▶ _What to work on_: The output is a word-for-word repeat of the listing below, free of images.

▶ _Material provided_:
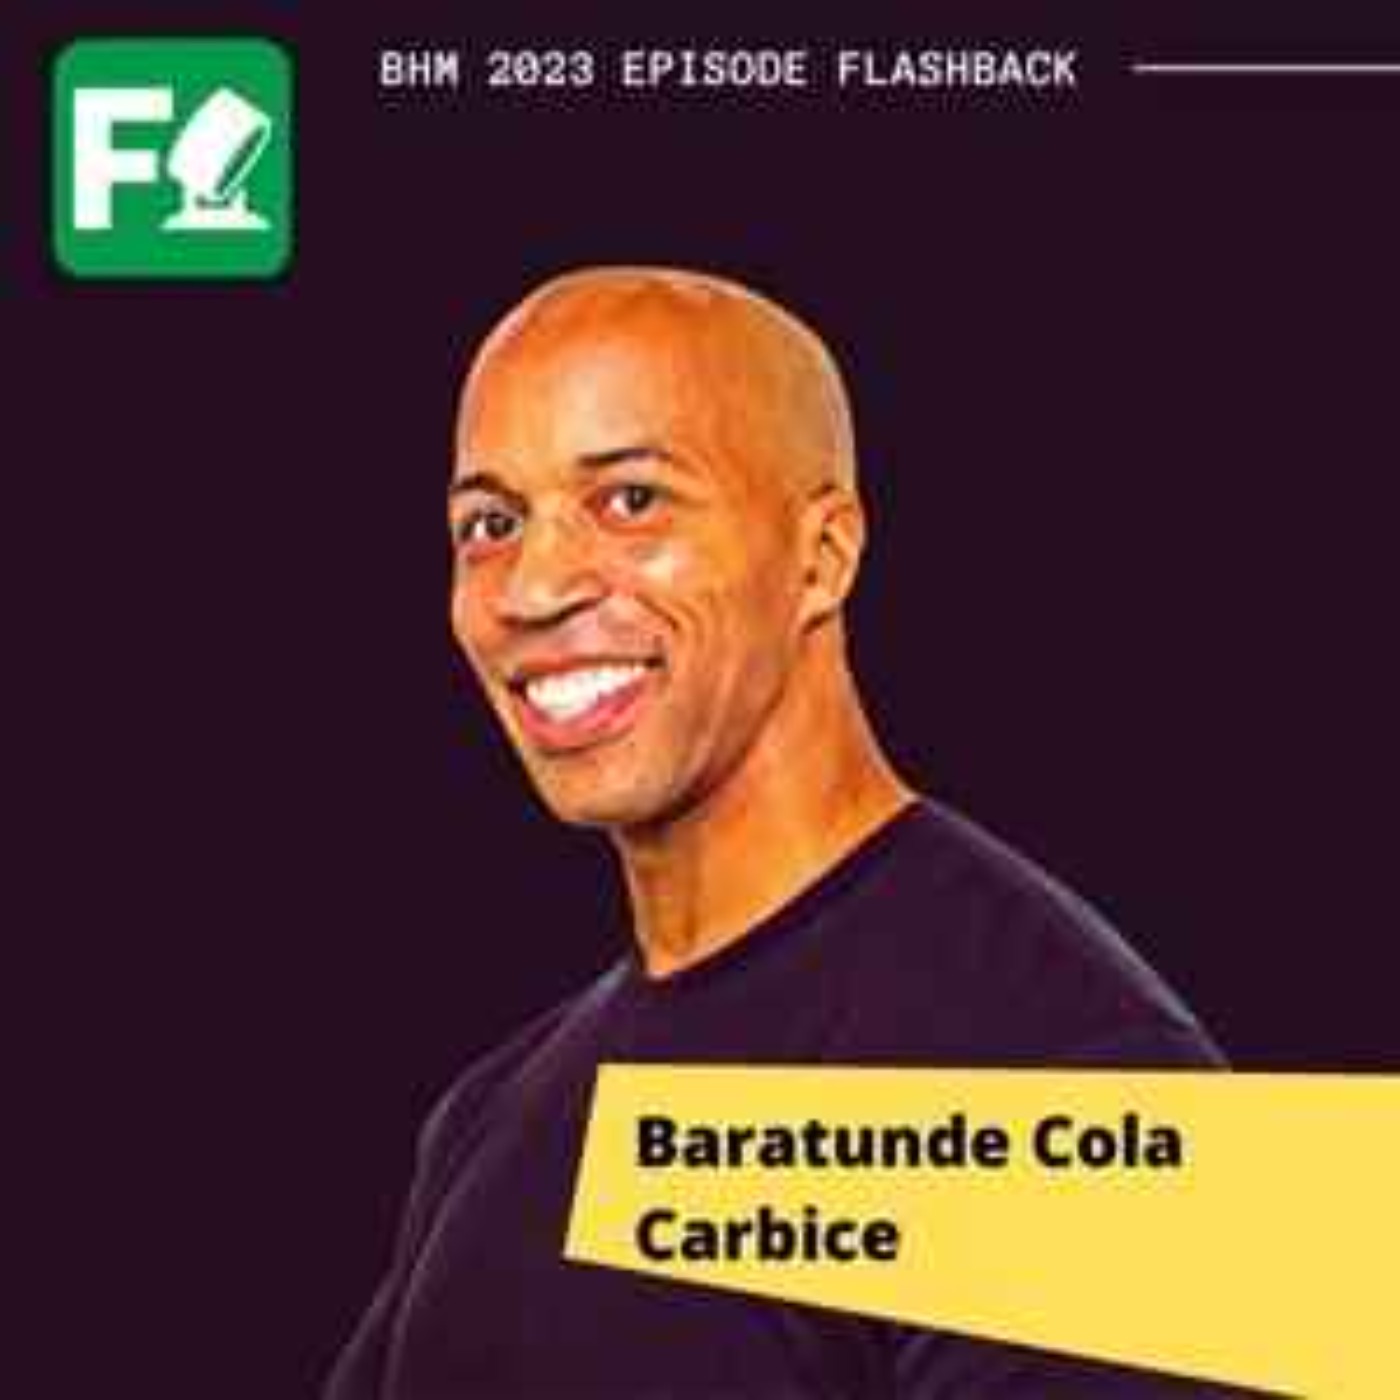 February Flashback Clips: Baratunde Cola
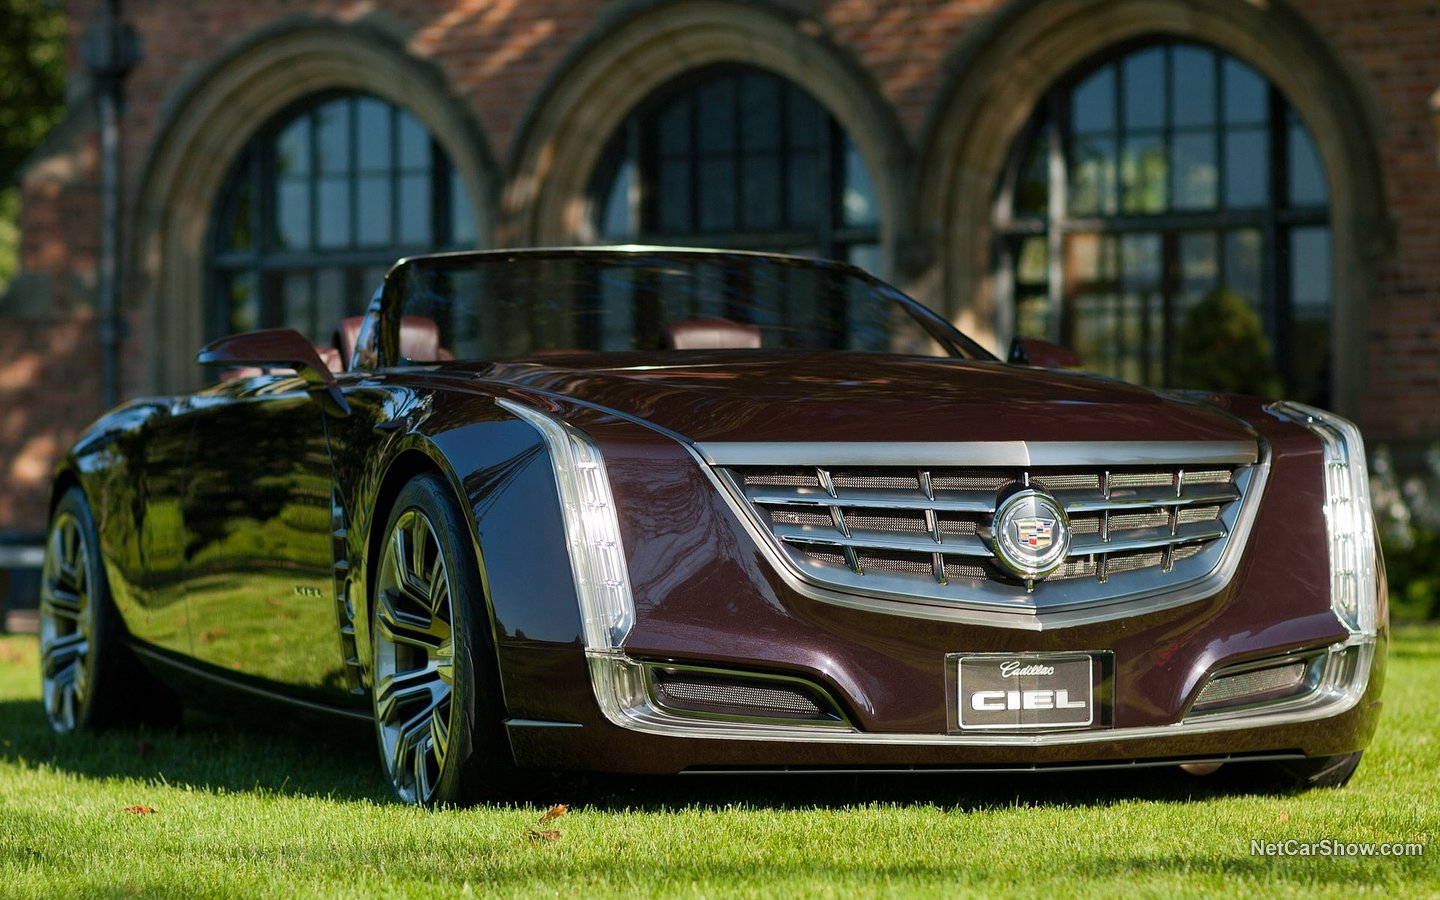 Cadillac Ciel Concept 2011 8c9f528a
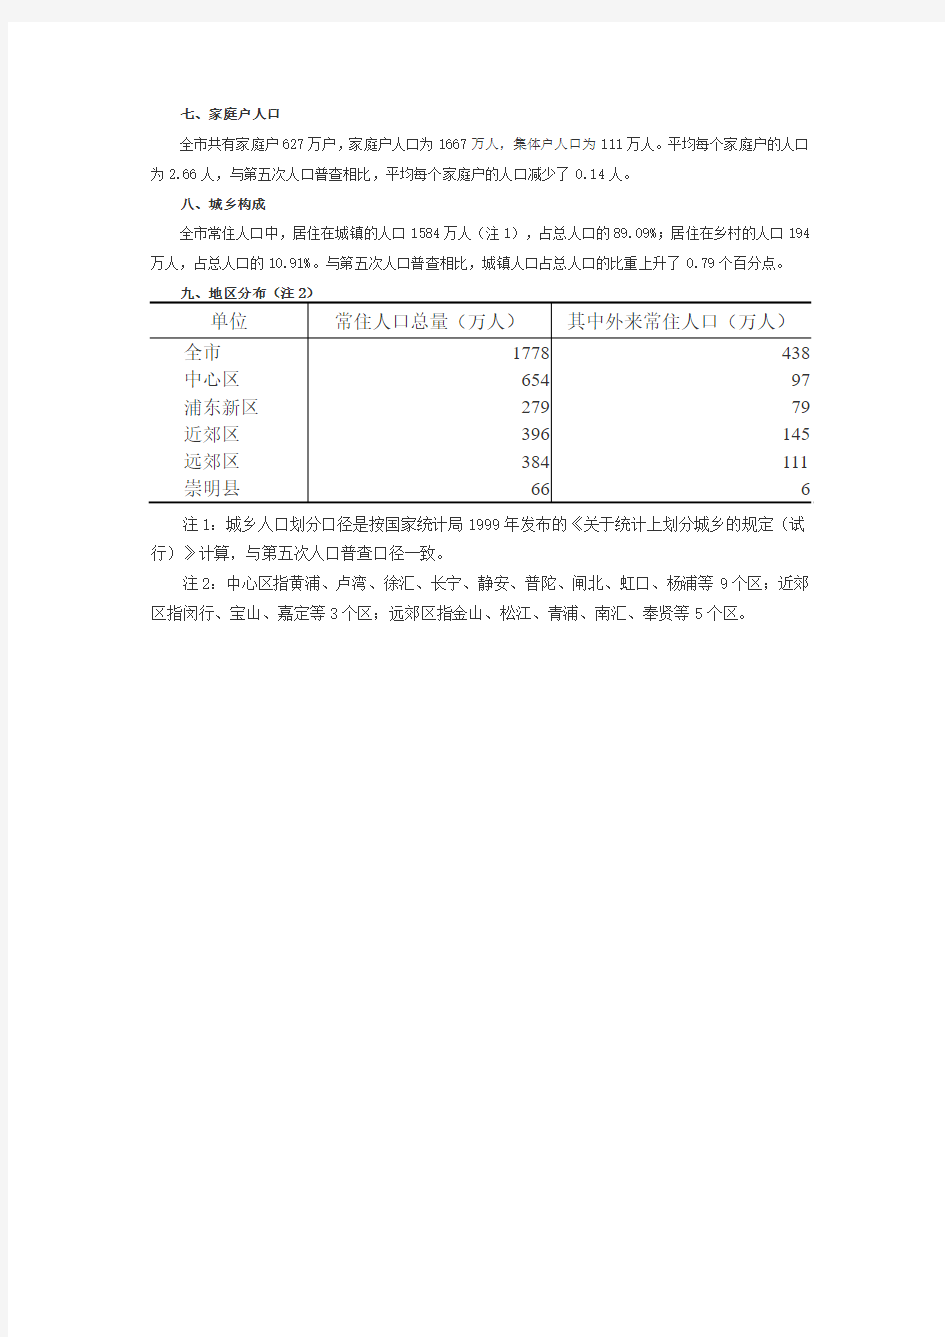 2005年上海市1%人口抽样调查主要数据公报
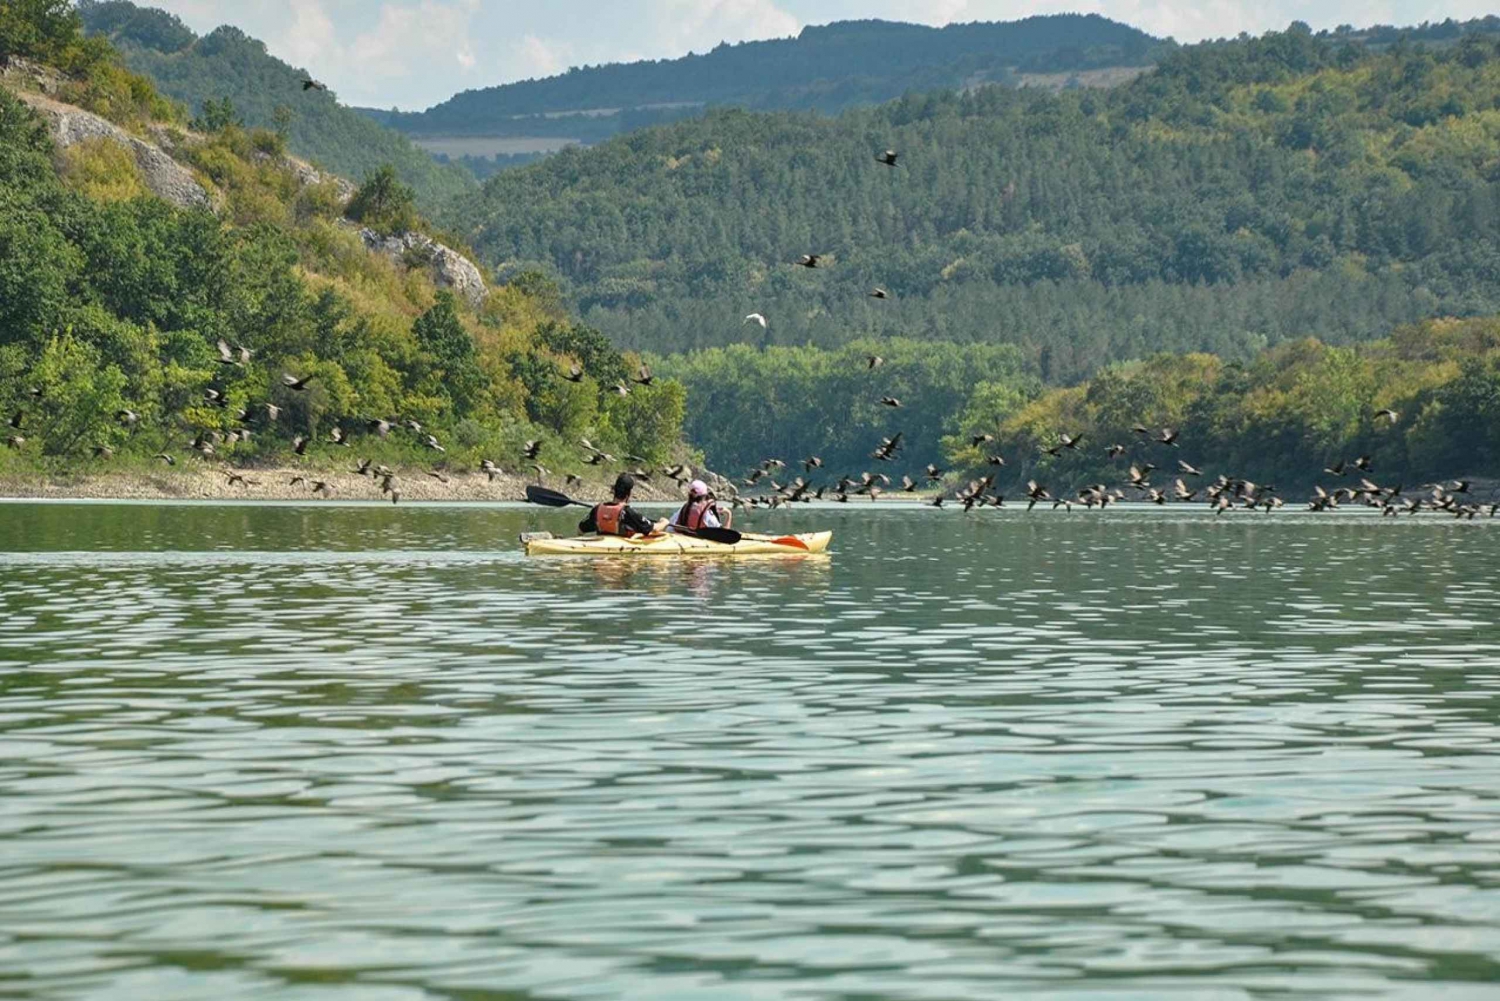 Stamboliski dam lake kayaking day tour

▶ _Solution to this task_:
 February Flashback Clips: Baratunde Cola
 Cadillac Ciel Concept 2011 8c9f528a
 2005年上海市1%人口抽样调查主要数据公报
 Stamboliski dam lake kayaking day tour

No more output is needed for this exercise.